こんなことが、桜織高校では平然ともう何十回も繰り返されている。
昨夜、あれだけ人としての形を失っていた上沢が、まるで何事もなかったように傷もなく元に戻っている。失われているのは、目に見えない魂だけ。
ネクロマンサーのように魂という存在を観測できない人達にとって、今の上沢はただ少し元気がなくなった程度に過ぎないのだろう。
だって世界は何も問題なく回っている。
空っぽの偽物が増え続けても、闇の中でいくら人が切り刻まれていようと、日が昇ればいつも通りの日常が幕開ける。
そして誰も隣人が空蝉になっていることに気づかない。きっとその事実はこれまでもずっと続いてきたのだろう。世界を引っぺがせば、そこには人を喰い物にしている化け物たちが想像もできないくらいに湧いている。
知られざる真実。世界の裏側。陰謀、深淵、闇…その中心、あるいは一つといえるのがきっとネクロマンサーだ。そして僕はその隣に立っている。
この恐怖に逃げ場はない。世界はただ、元々そういうものだったのだ。あるいは——
全てのネクロマンサーを殺す。
ミコが掲げていたその野望を果たすことだけが、この醒めない悪夢のようなそこ知れぬ恐怖から解放されるための唯一の方法なのかも知れない。
——こんこん。
狭いトイレの個室の中で、どんどんと思考の深みに沈んでいく僕は、不意に聞こえてきた、乾いたノック音でようやく現実へと戻ってくる。

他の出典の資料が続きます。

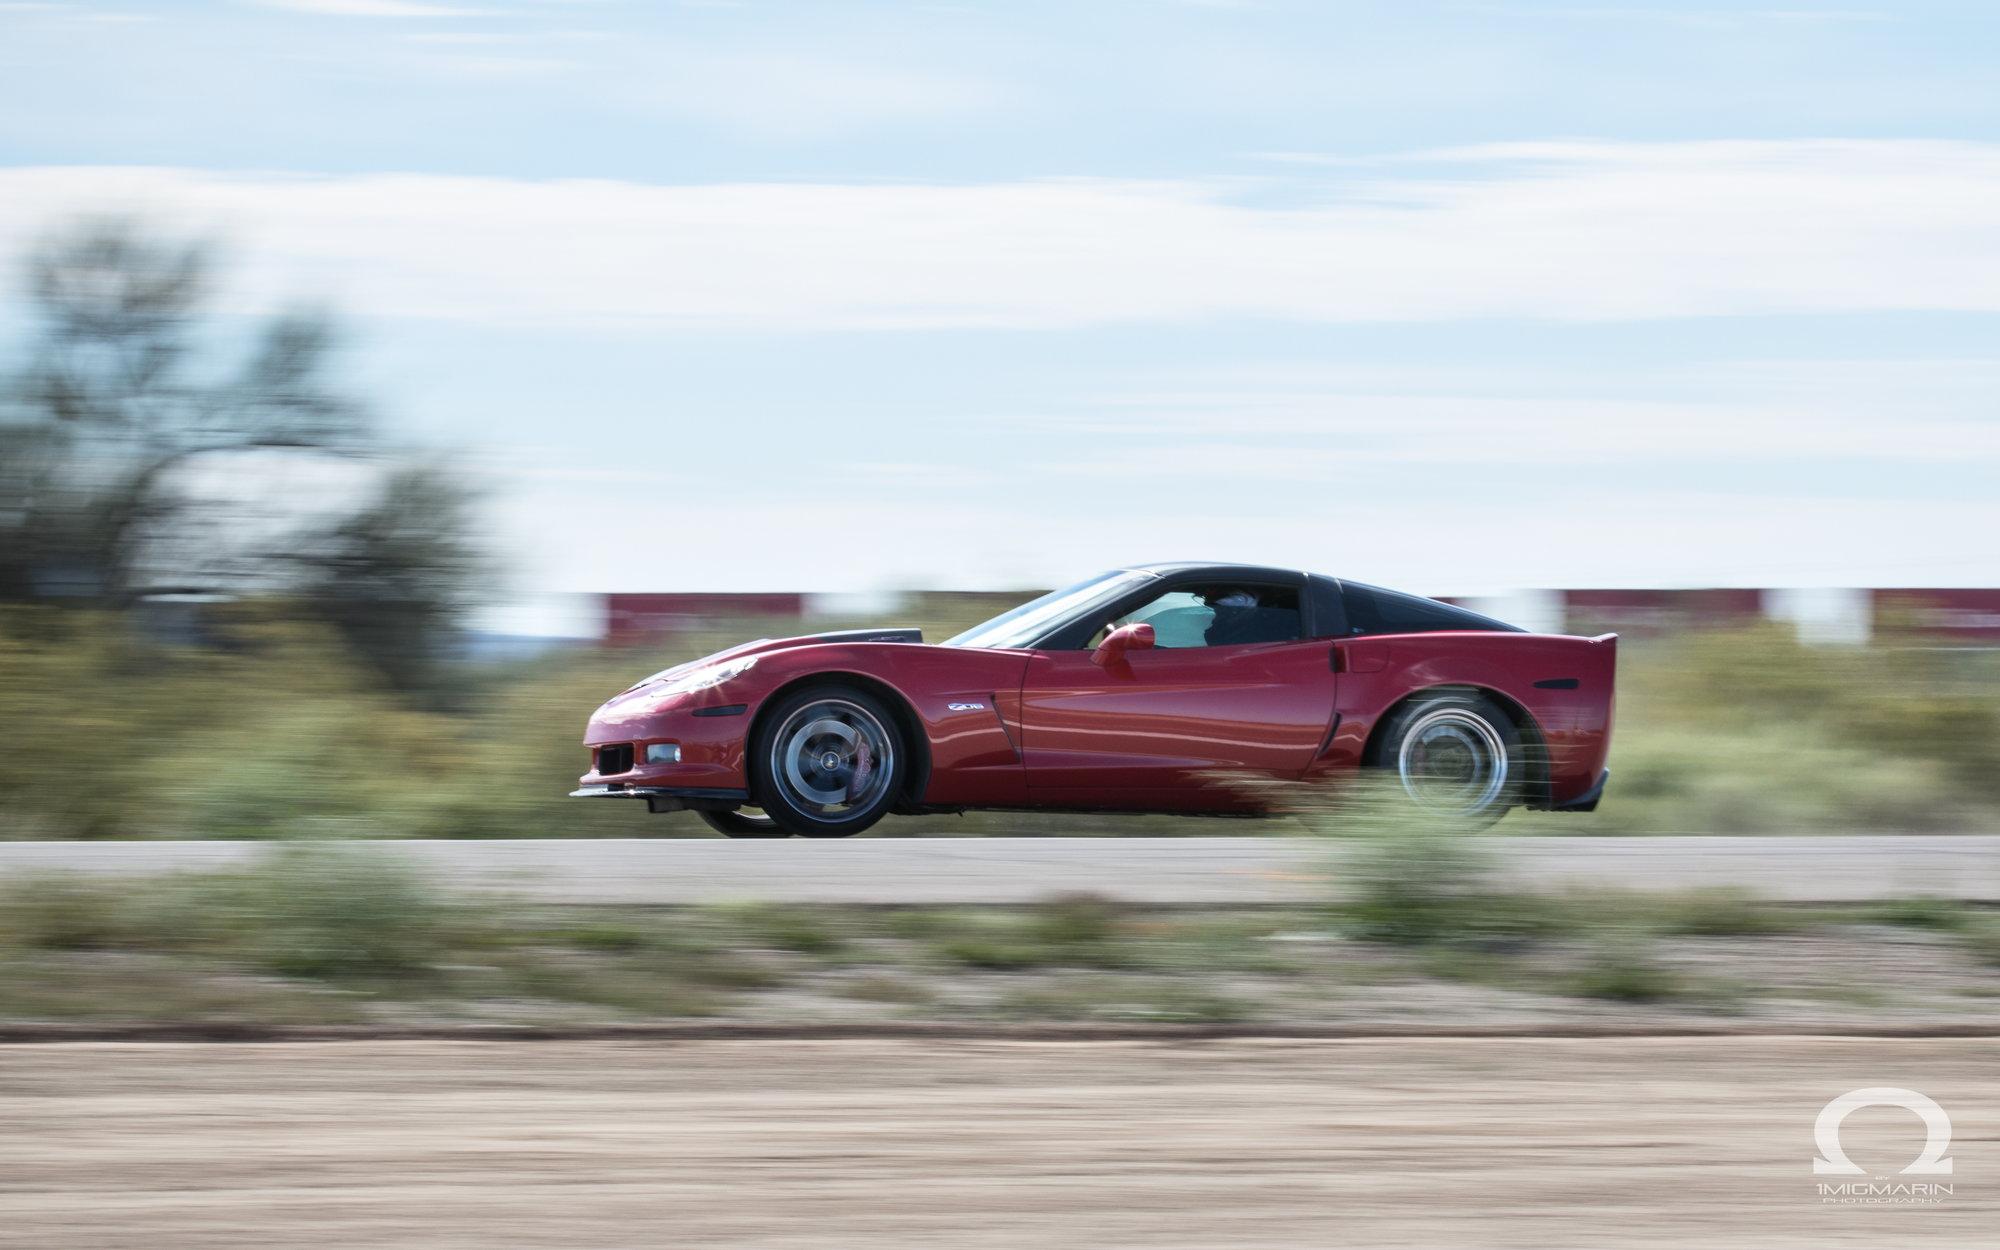 Z06 C6 Z06 1 2 mile times CorvetteForum Chevrolet Corvette Forum

どれくらい自分はこの中にいたのだろう。慌てて扉を開けようとした僕は、しかしその直前で手を止めた。
どうしてわざわざ僕が入っている個室にノックしたのだろう?
考え事に没頭していたとはいえ、流石に隣に誰かが入ればそれに気が付く。このトイレには他にも3つ個室があるのだから、そっちを使えばいい話だ。

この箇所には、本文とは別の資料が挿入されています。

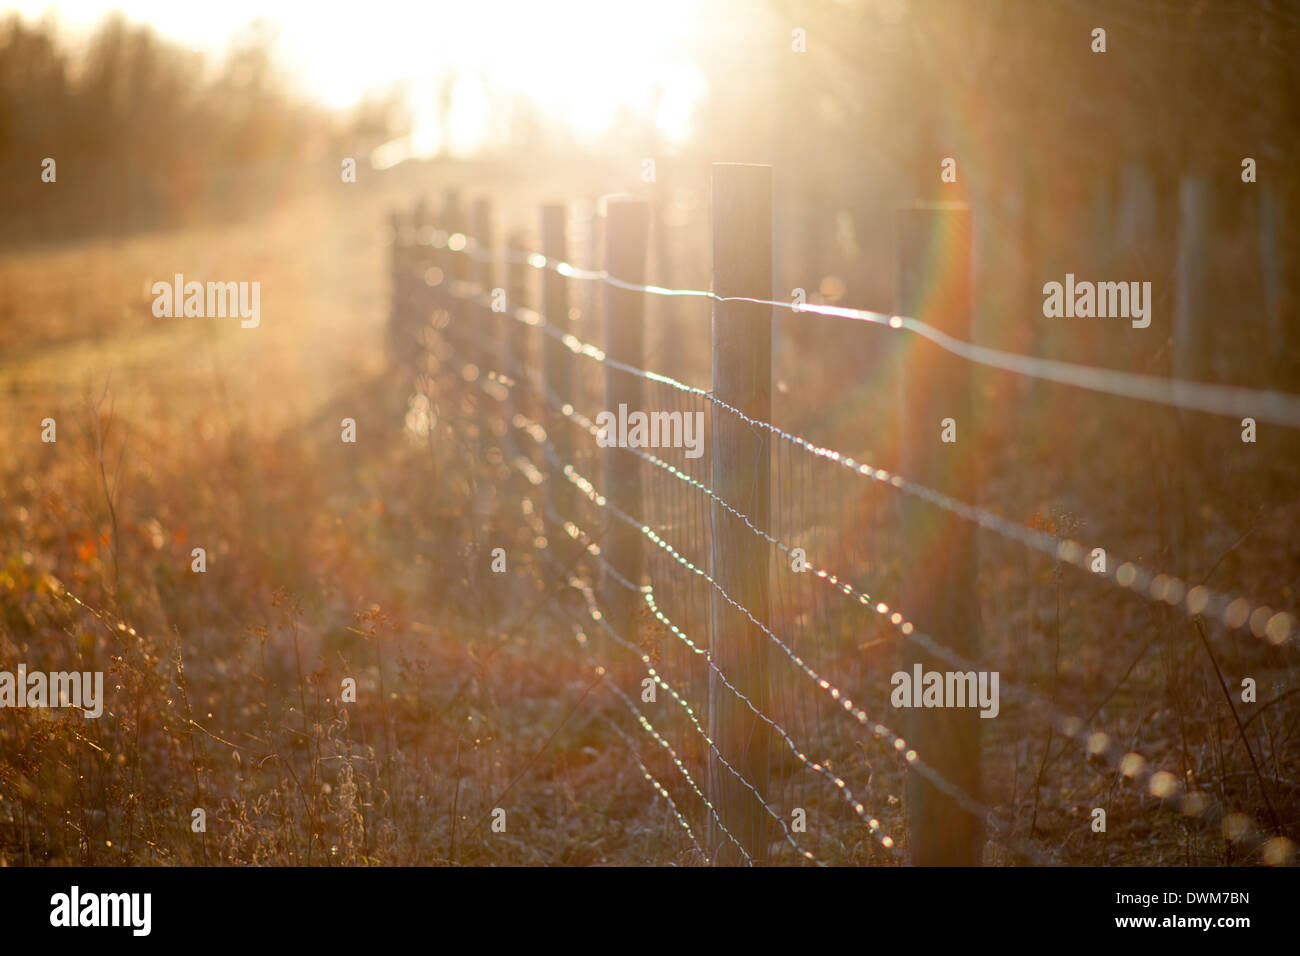 Blendenfleck Blick direkt in die Sonne entlang eines Zaunes im Wandlebury Country Park, Cambridge Landschaft Stockbild

僅かに芽生えた猜疑心。気にしすぎといえばそうかもしれない。考え過ぎて、少し過敏になっていたのかも知れない。
そう自分に言い聞かせようとした瞬間だった。今度は控えめなノックではなく、腕全体を叩きつけて扉全体を揺るがすような衝撃音。
肩が飛び上がり、鳩尾あたりが跳ね上がる感覚と同時に焦燥感が押し寄せてくる。
「すっ、すみま…って、あれ!?」
僕は慌てて謝りながら急いで個室の扉を押し開けようとしたが、扉は向こう側から押さえつけられているようで開かない。
一体何が——
「…こちら、に…敵意は、ありま…せん。こちらは、対話を、のぞみ…ます」
扉の向こうから、聞き覚えのある声が、思い出したくもない特徴の話し方で聞こえてくる。
「その声は…上沢、いや…」
「昨日は、申し訳…なかったと、思って、います」
声は確かに上沢のものだ。でも話し方はまるで彼とは違う。でもそのまるで外側から口を操作して、無理やり話させているようなぎこちない話し方は、昨夜の工藤のようだ。

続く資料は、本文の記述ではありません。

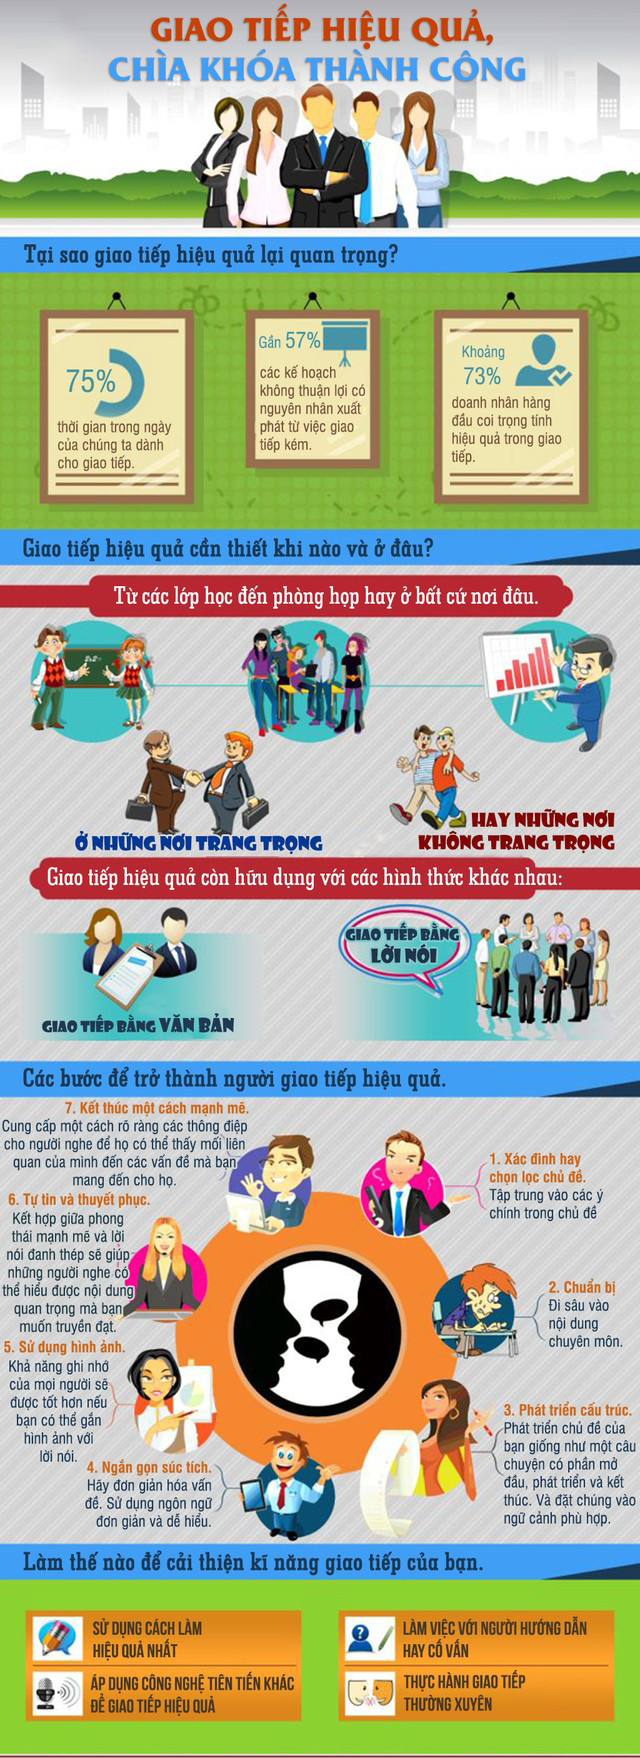 infographicgiao-tiep-hieu-qua-chia-khoa-thanh-cong.jpg

つまり、扉の外にいるのは上沢であることに間違いはないが、その実態はおそらく彼を操作しているネクロマンサーだ。
僕は再度扉を開けようと、今度は体重をかけて押し込もうとする。しかし向こうも体で扉を押さえているのか、体重をかけた程度では開けさせてもらえそうにない。
会話をしろというのか。相手は、上沢を殺し、僕も殺そうとし、この学校で起きている悪夢の元凶。
上沢の声に感情はない。でもそれは操っているからではなく、きっと元々その謝罪の声に形式以上のものなんて含まれていないのだ。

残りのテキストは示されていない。